I get it, this post is strange, particularly coming from a woman who created an entire website around the fact that women should strive to be lovely rather than sexy, but I think the twist in all of this, the secret that the church is too uncomfortable to discuss, is how essential a woman’s sexuality is no matter what she believes.

I truly believe that a woman can never achieve “lovely” without understanding and perusing her own sexuality.

When I step back and consider it,  I realize that before I felt comfortable with my only sexuality, I still craved something that I couldn’t quite identify, and I sought it in an unhealthy need for affirmation. I might have been the good Christian girl in her fruit of the looms, I might have, and may still, cover every crack of my cleavage with camisoles and sweaters. I might not have indicated any desire to feel sexy in the way I dressed or acted. But that girl in the granny panties, she didn’t feel sexy in her own skin, and something essential was missing from her because of that.

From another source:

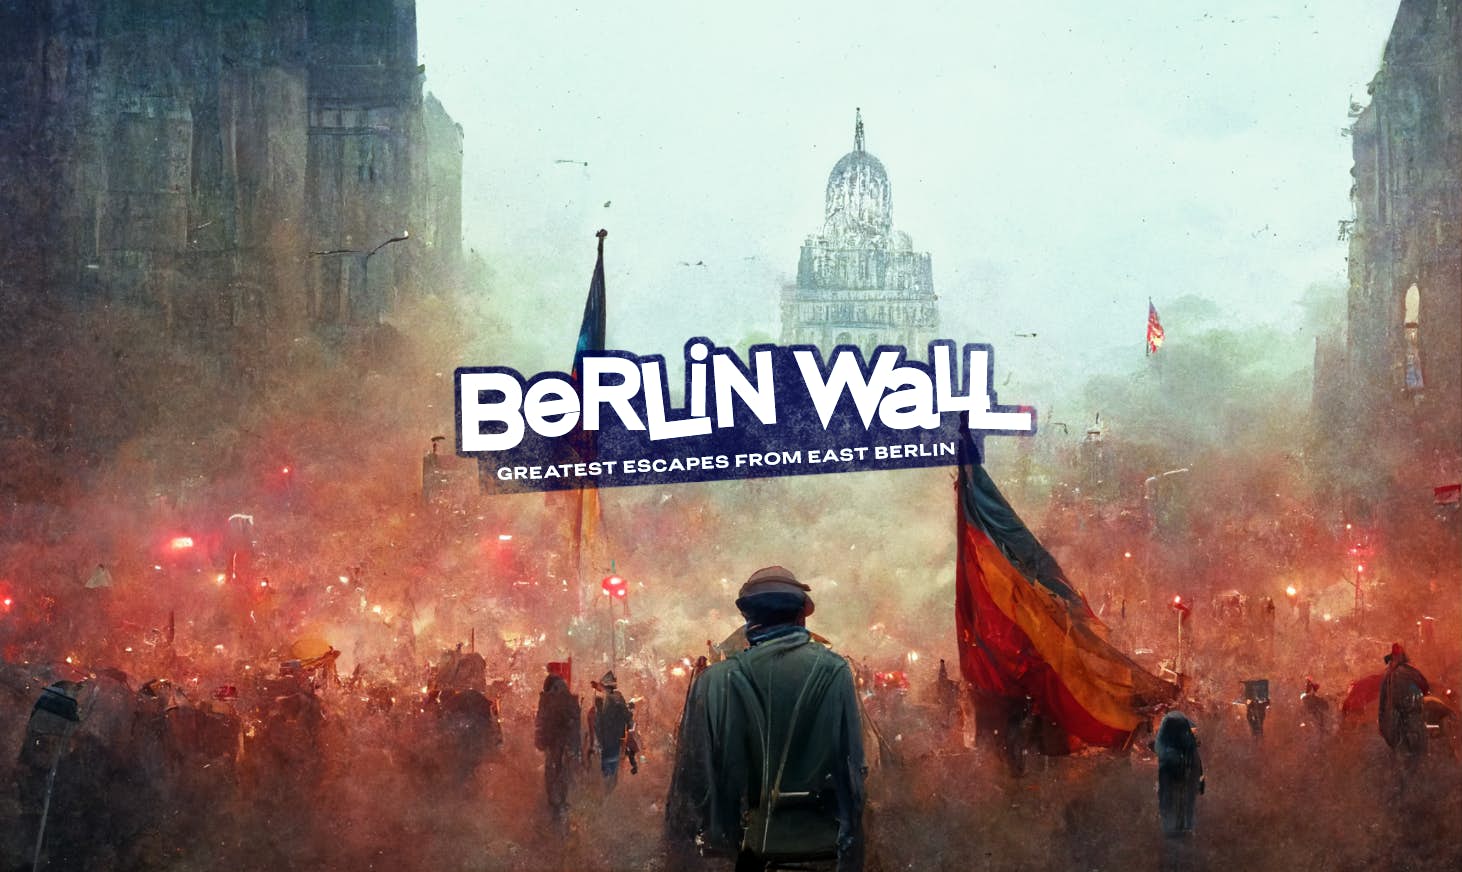 Berlin Wall: Greatest Escapes from East Berlin image

I wanted men to want me, even if my clothes didn’t shout that. I watched chick-flicks and craved that kind of attention, that feeling of absolute confidence in my own skin. I chalked this up as something I would never know until my wedding day, because no one ever told me that I was allowed to seek and find my OWN sexuality, my OWN feeling of being wanted. No one ever told me, that this feeling of being “hot” of being “sexy” does not require a man.

Beautiful girl, there is a lot no one ever told me about myself, about how I could love myself. There are a lot of truths that the church, that spiritual leaders in my life, felt too uncomfortable to share with me.

Here are just a few that I hope to share with you:

You are a sexual being, and this beauty, this sexuality, is a gift from God- not a curse.

You are allowed to feel sexy- even before marriage. You are allowed to buy thongs and lacy bras, and you are allowed to do this for absolutely no one’s eyes or approval but your own.

If you don’t take time to discover your own sexuality and truly invest in yourself as a beautiful hand-crafted woman of God, there is a higher chance that you will end up seeking this essential part of you from men instead of your own heart, and that can wreak way more havoc on your self-worth.

You don’t need a man to feel sexy. You don’t need to appeal to a man to be sexy.

Ignoring these desires will not typically make them go away.

A man’s lust is not your responsibility, and you do not have to sacrifice the clothing, the leggings, the swimsuits that you feel beautiful and comfortable in because the church tells you that your brothers lack any discipline of their own genitalia. (This is a whole new blog for another day).

These battles are not exclusive to males. Women have lust. Women have porn addictions. Women have sexual desires. You are not alone.

But most importantly, know that no matter what you battle, you are not dirty. You are not corrupt. You are no less of a woman or a Christian. You are simply human.